There's no such thing as transferring from one local to another as an apprentice. The way you re-start an apprentice program in a different local is the same process as anyone else, you wait until the local is accepting applications and start from there.


----------



## 3D Electric (Mar 24, 2013)

Telav87 said:


> Hey all - I just started as an apprentice out west where I moved to take care of family. My wife has a couple of job prospects in New York and D.C. and I'm wondering about how to transfer and if NY and Maryland/DC JATCs accept transfers?
> 
> Also, anyone know the likelihood of getting started back up quickly in the apprenticeship program in either of these places?


Welcome to the forum!

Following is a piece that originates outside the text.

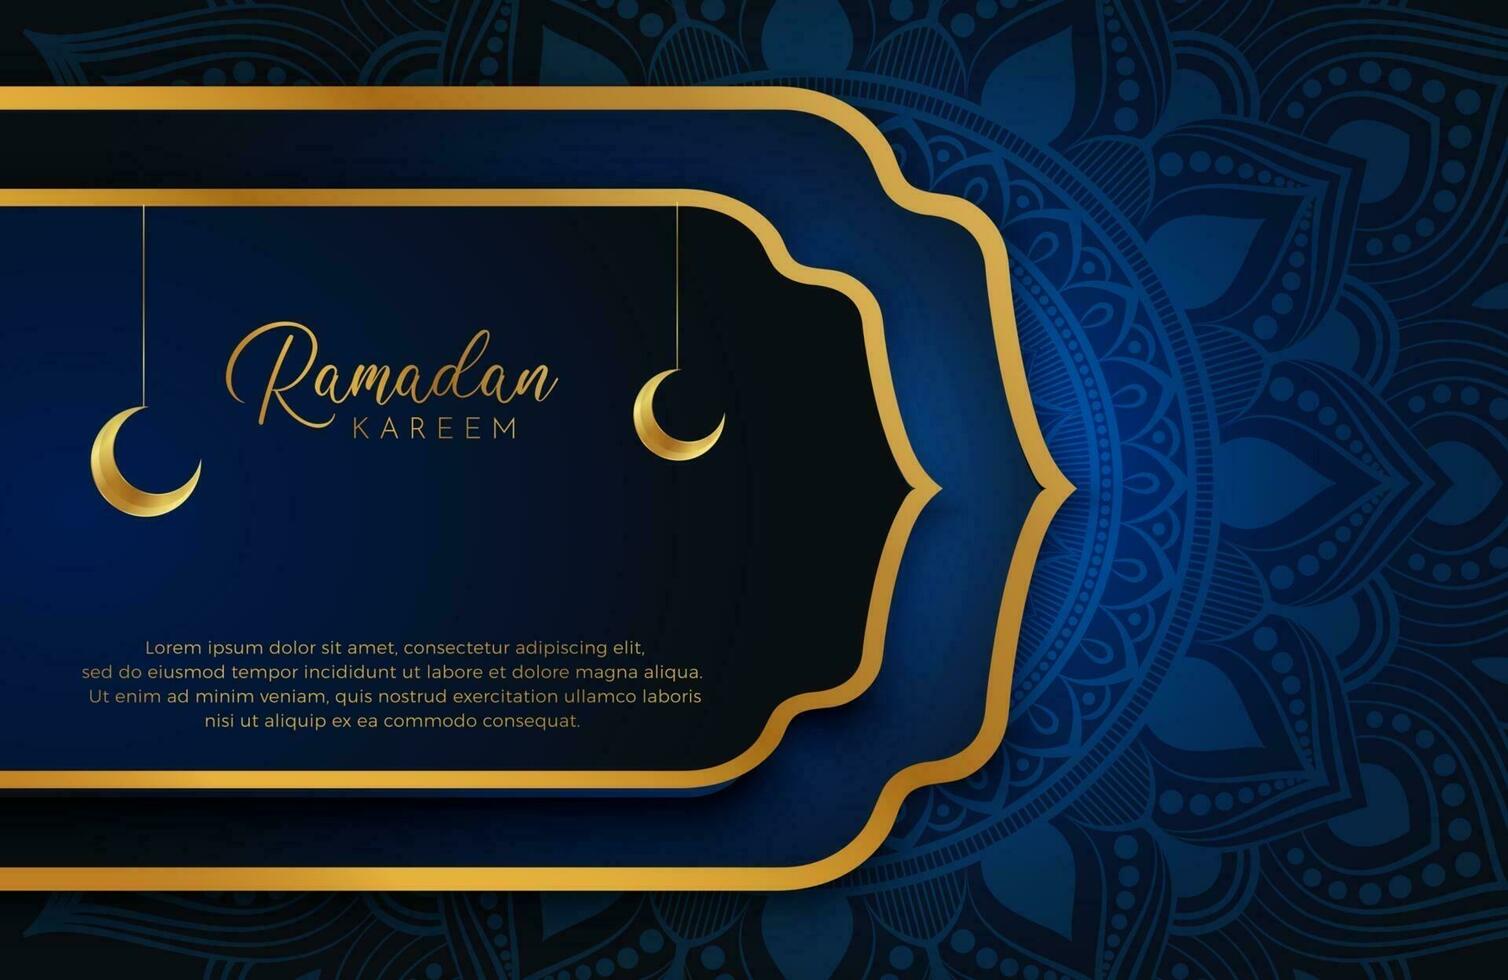 Ramadan Kareem fundo com ouro e azul ilustração vetorial de estilo de luxo para as celebrações do mês sagrado islâmico decorado com lua e arabescos de mandala vetor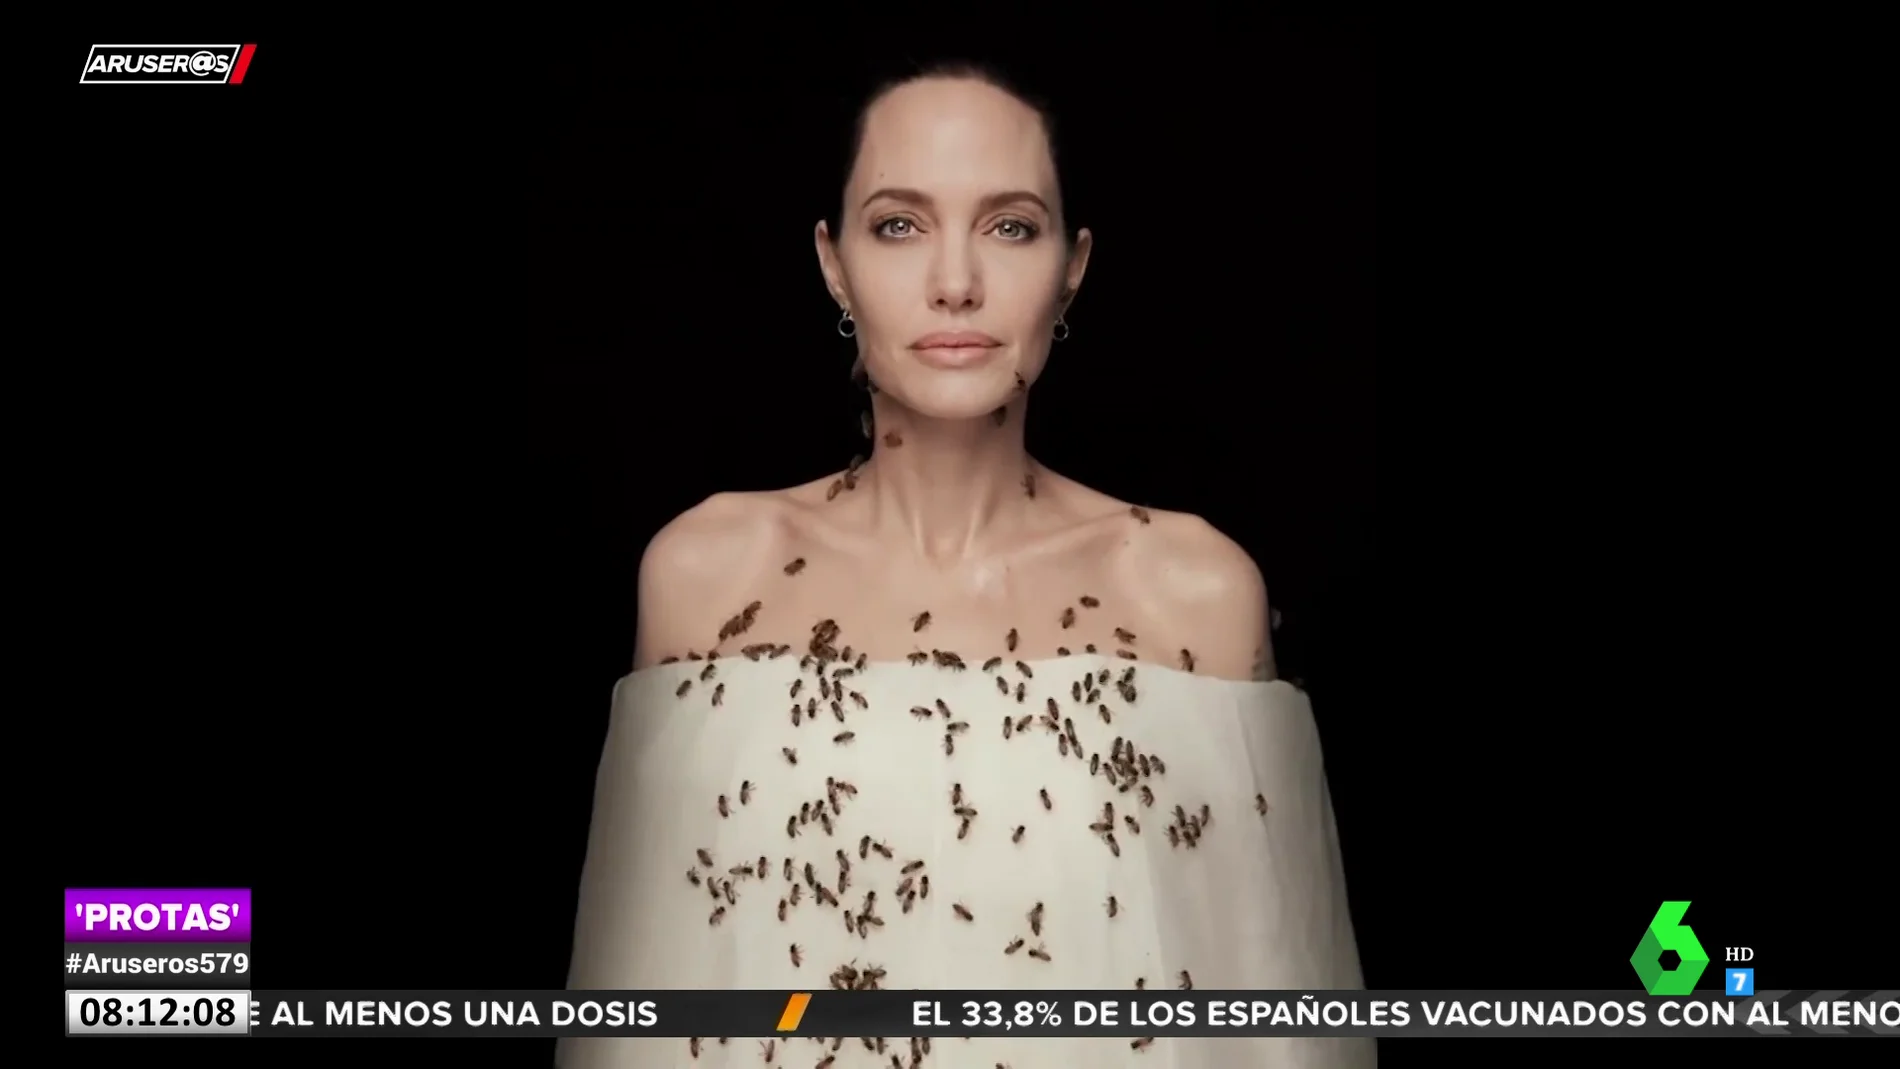 El motivo por el que Angelina Jolie ha cubierto su cuerpo de abejas

Are you going for a union apprenticeship or a private apprenticeship?


----------



## 3D Electric (Mar 24, 2013)

If you are apart of the IEC apprenticeship they will transfer your work hours and schooling to another contractor in the area you are moving to. :thumbsup:


----------



## Phatstax (Feb 16, 2014)

Telav87- yes, you can transfer your ticket as an apprentice. Your director must contact the director where you want to go. Many things affect your chances of making the move. 
The local you want into needs to have work and a demand for apprentices of your level. You have just started. 
Your director will need to want to help you make a move. He will contact your employer/foreman/journeyman and ask about you. He will contact your teacher(s) and ask about you. You have just started. 
If they decide you are worth keeping and moving to another local, they will need to find an employer willing to put you to work based on your skill level and recommendations. You have just started. 
May I suggest ( and I'm sure you have already thought of this) you will need to stick it out where you are for a little while. Study hard, work hard, always look out for the older brothers and sisters on the job. If some one gives you a hard time, take it with a smile. You are joining a fraternity and should expect a little hazing.
In the end, if you keep your head right and stick to the code you will do just fine.


----------



## Phatstax (Feb 16, 2014)

3D Electric said:


> If you are apart of the IEC apprenticeship they will transfer your work hours and schooling to another contractor in the area you are moving to. :thumbsup:


If you are a part of IEC in Washington State any transfers made will not matter because IEC has been de-certified for gender discrimination.


----------



## 3D Electric (Mar 24, 2013)

Phatstax said:


> If you are a part of IEC in Washington State any transfers made will not matter because IEC has been de-certified for gender discrimination.


I was not aware of any issues with them. We had two women go through apprenticeship with us. Everything was fine.


----------